4. Conclusions and Discussion

The design of this package follows the logic that gene expression profiles contain biologically relevant signatures; gene expression signatures are predictable and complement for understanding biological processes. And these notions have been extensively investigated by studies on cancer. For example, gene expression analysis of microarray data has played pivotal roles in breast cancer classification, prognostication, and prediction [33, 34]. It was noteworthy that gene expression signatures based predictions were severely affected by the measuring methods and selected datasets [34]. To obtain reliable and repeatable results from gene signatures extraction, multiple choices and comparisons of algorithms are essential.

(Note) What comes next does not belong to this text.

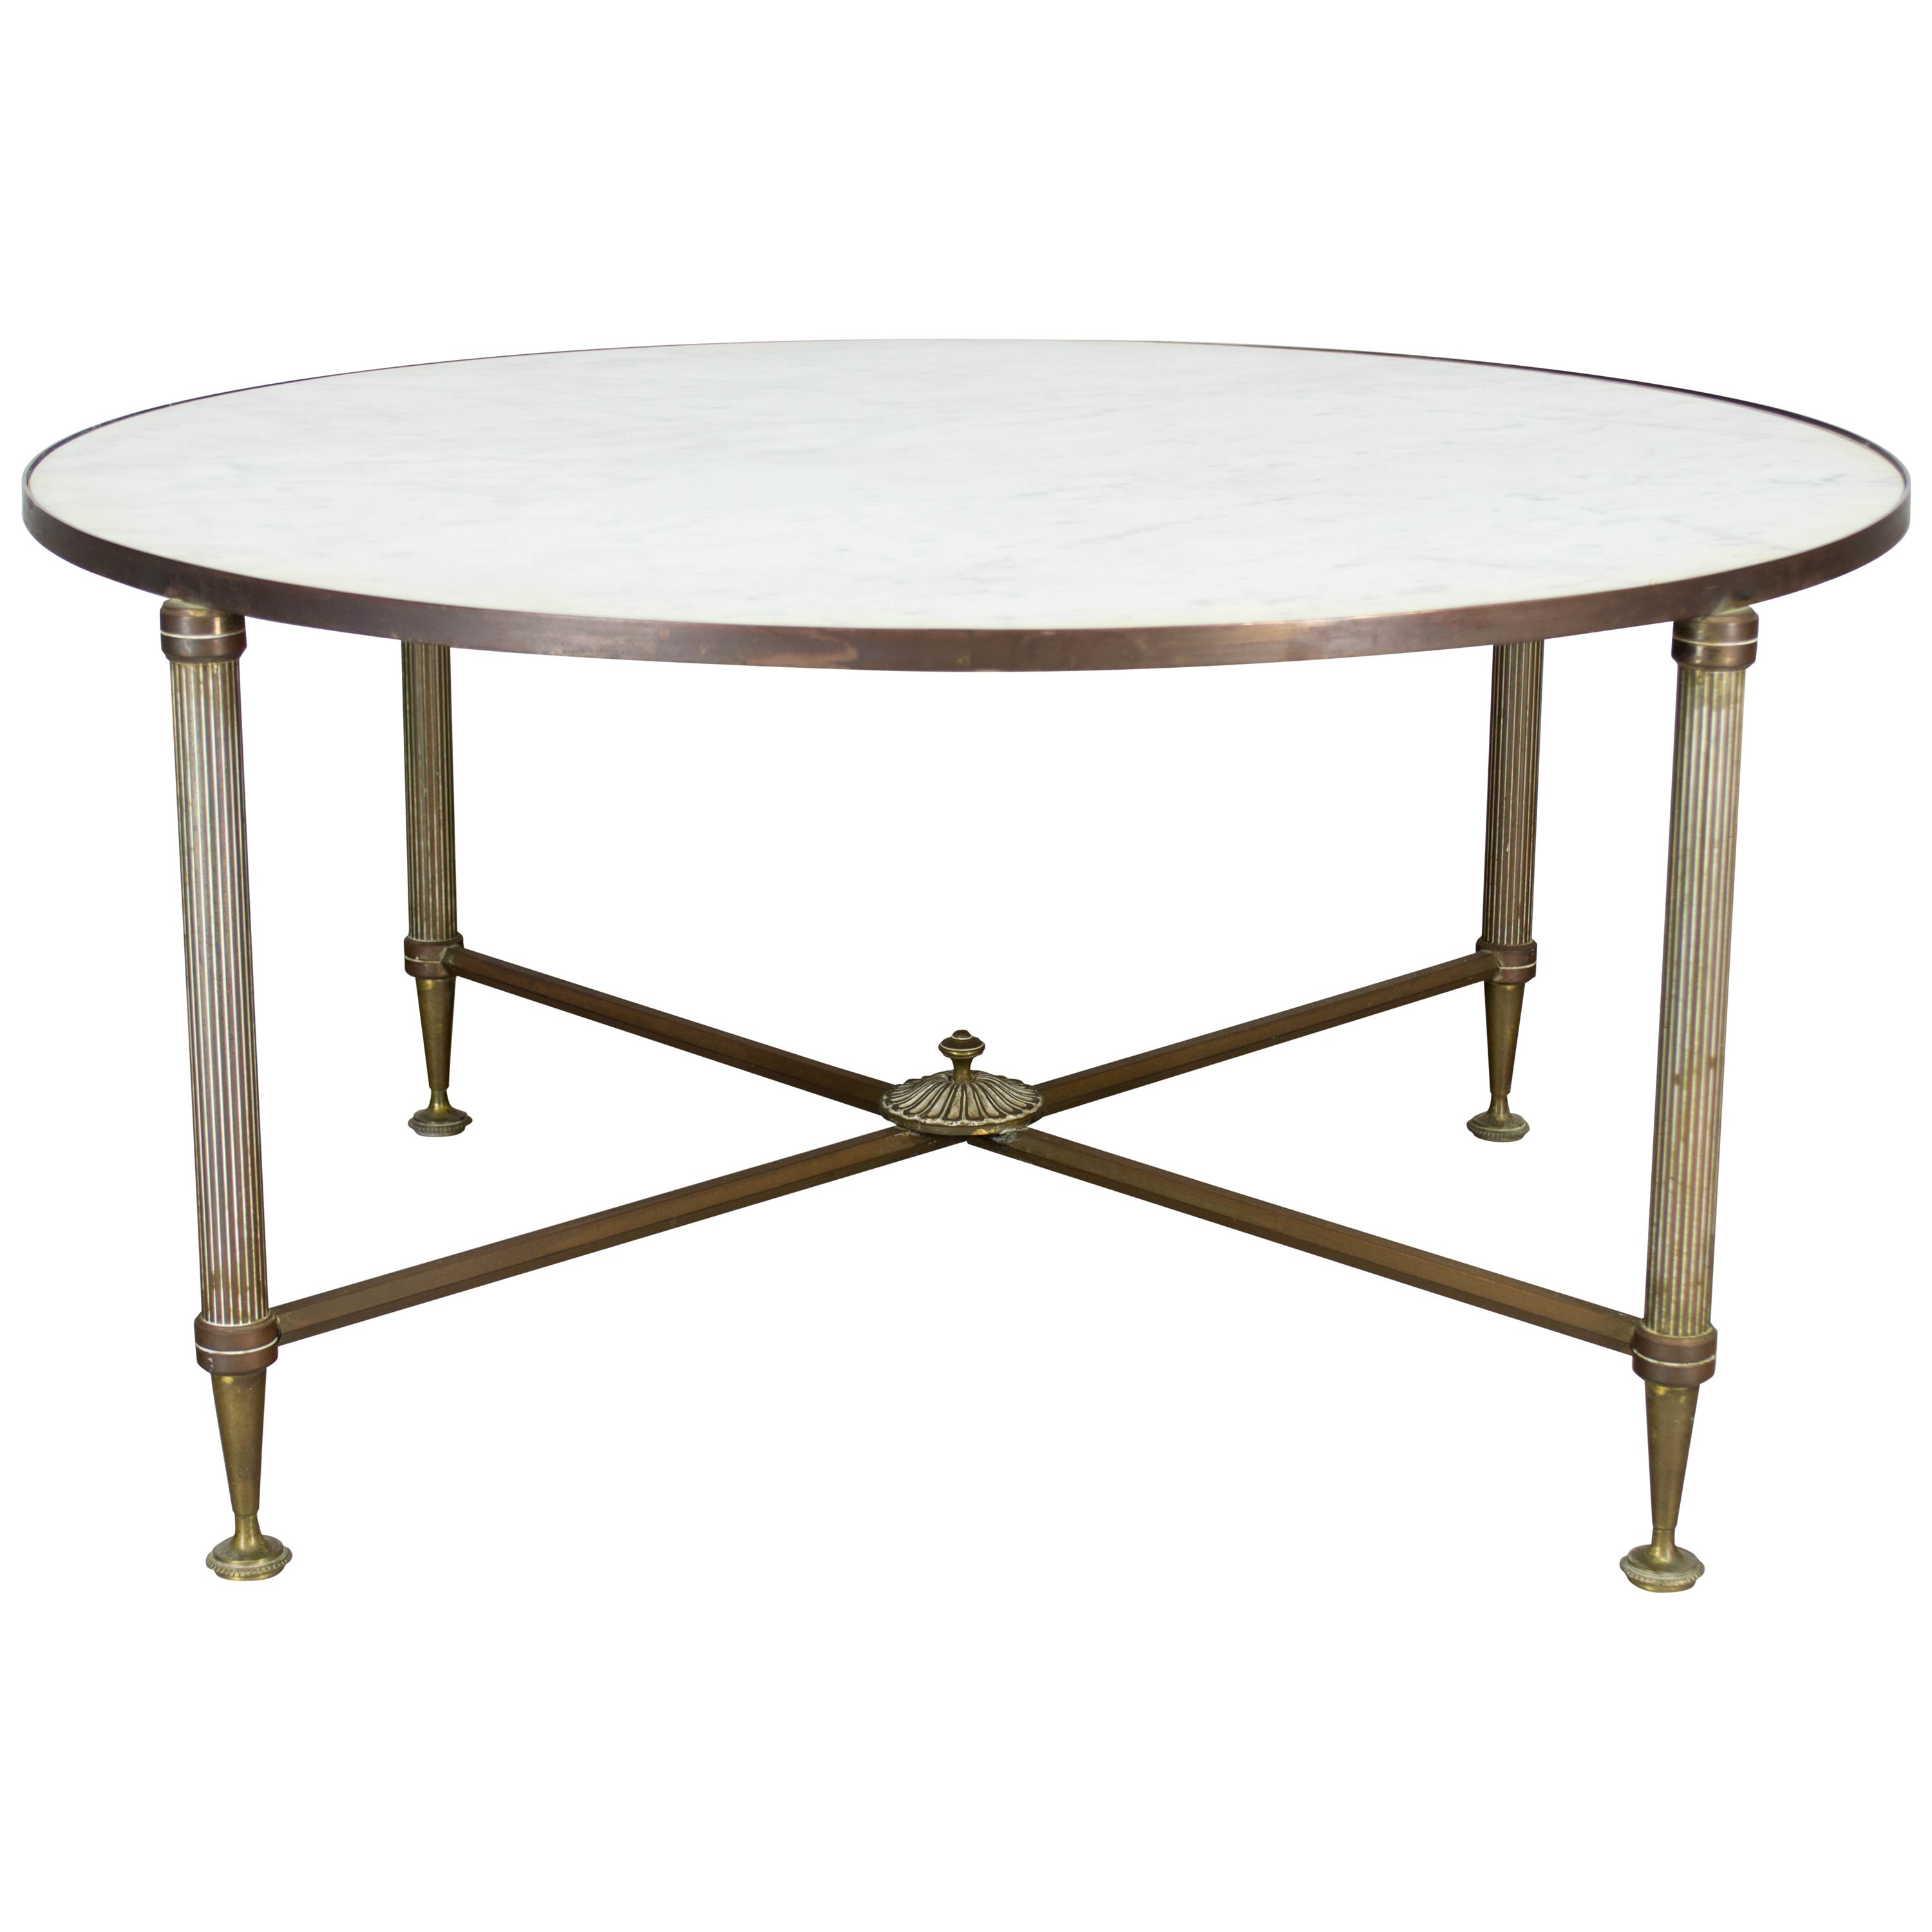 French Moderne Cocktail Table

GESearch provided a comprehensive meaning for finding coexpression genes set of interest, and its multiple choices of searching models allowed rapid identification, regardless of dependent variables. Moreover, this analytical platform is user friendly. As shown previously, the output datasets from cell-cycle experiments were ready for visualization (Figure 2). With the availability of functional information, output datasets could be transformed to be adopted for the functional enrichment tools [35]. GESearch was not only limited to coexpression analysis [36] but also useful for identifying the downstream candidates. Although the time delay analysis was successful for target prediction, the resolution of sampling affected the outcomes of expression signatures due to the specific interaction of transcription factors [37]. It needs further investigations on the defined co- and shift-expressed genes to find the true downstream targets of a transcription factor.

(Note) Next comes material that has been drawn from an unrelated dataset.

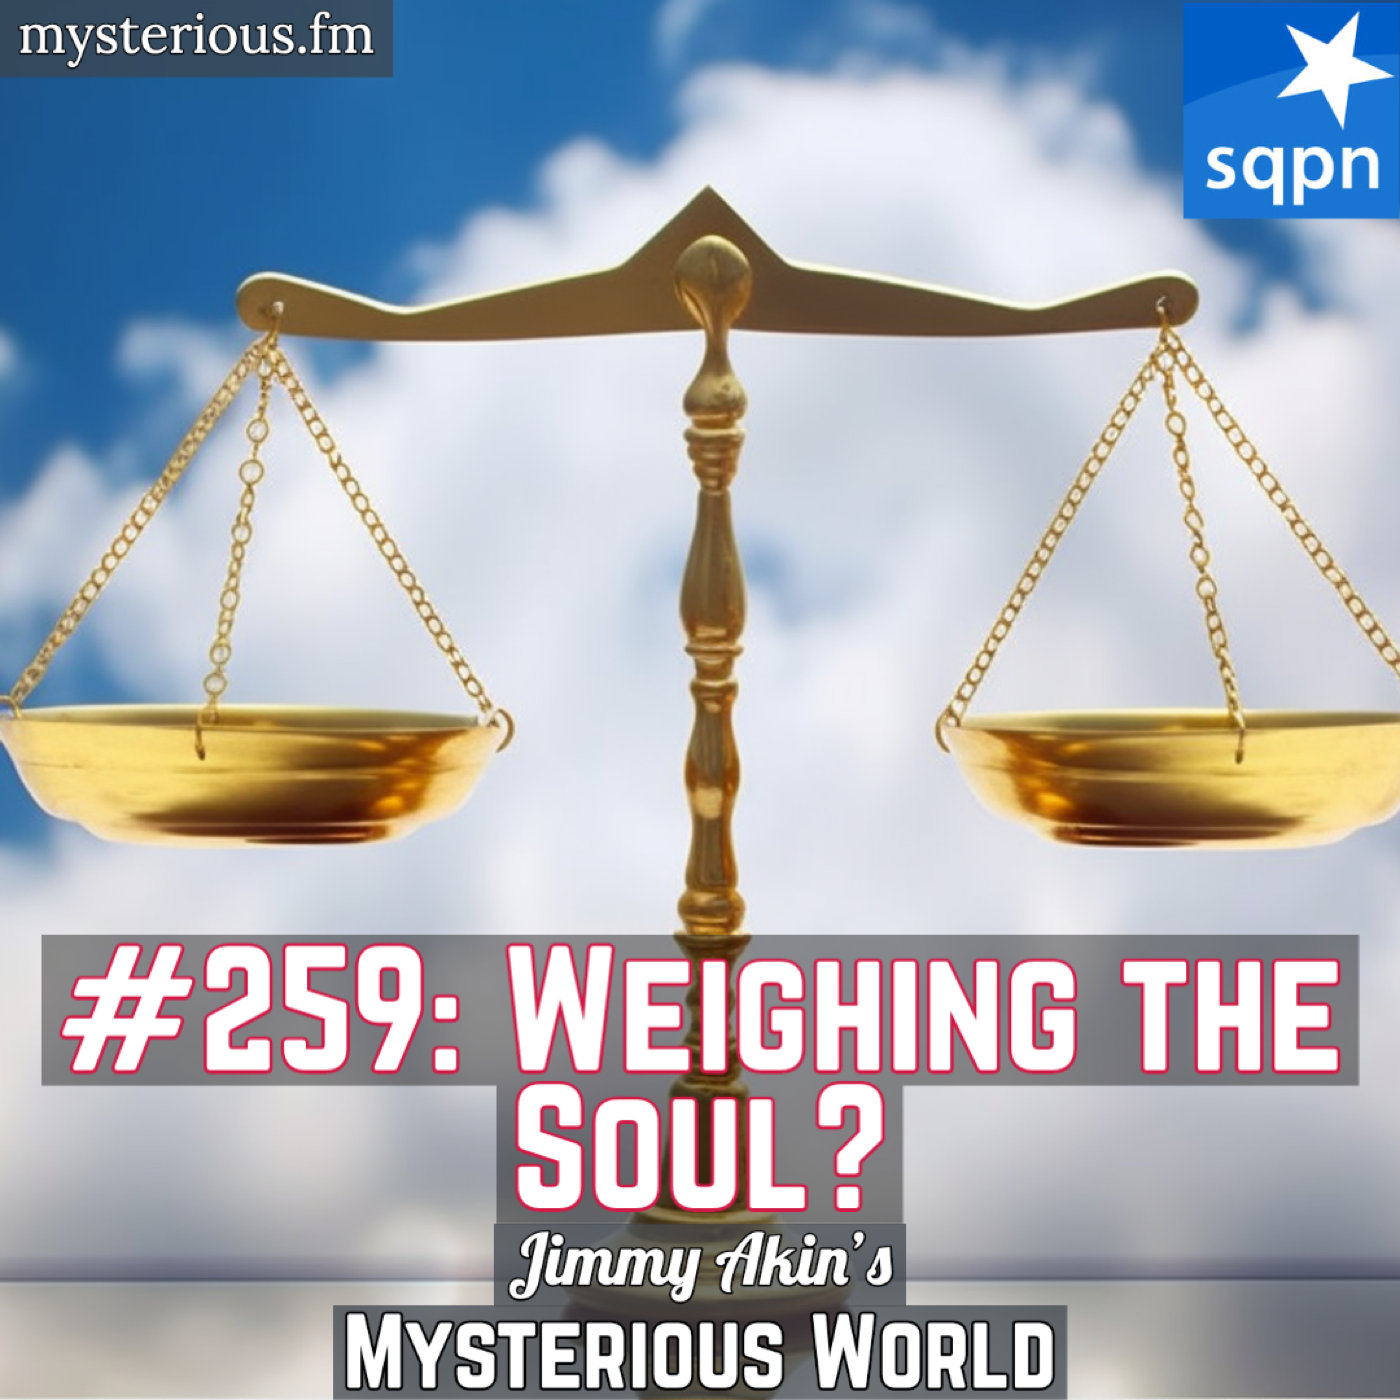 Weighing the Soul? (Scientific evidence for the human soul? Spirit? Life after death?)

In conclusion, GESearch provides an interactive platform for exploiting the large-scale gene expression datasets. Its choice of multiple models is more users friendly for identifying the coexpressed genes, and its options for data output and visualization provide an efficient way to integrate data, which can help the further analyses.

Conflict of Interests

The authors declare that there is no conflict of interests regarding the publication of this paper.

Authors’ Contribution

Ning Ye and Hengfu Yin contributed equally to this work.

Acknowledgments

The authors thank National Basic Research Program of China (973 Program) (2012CB114505), China National Funds for Distinguished Young Scientists (31125008), and Jiangsu Qinglan Project for funding supports. The authors also acknowledge supports from Key Projects in the National Science & Technology Pillar Program during the Twelfth Five-year Plan Period (no. 2012BAD01B07) and the Fundamental Research Funds for the Central Non-profit Research Institution of CAF (CAFYBB2014QB015). This work is also enabled by the Innovative Research Team Program of the Educational Department of China, the Innovative Research Team Program in Universities of Jiangsu Province, and the PAPD (Priority Academic Program Development) Program at Nanjing Forestry University.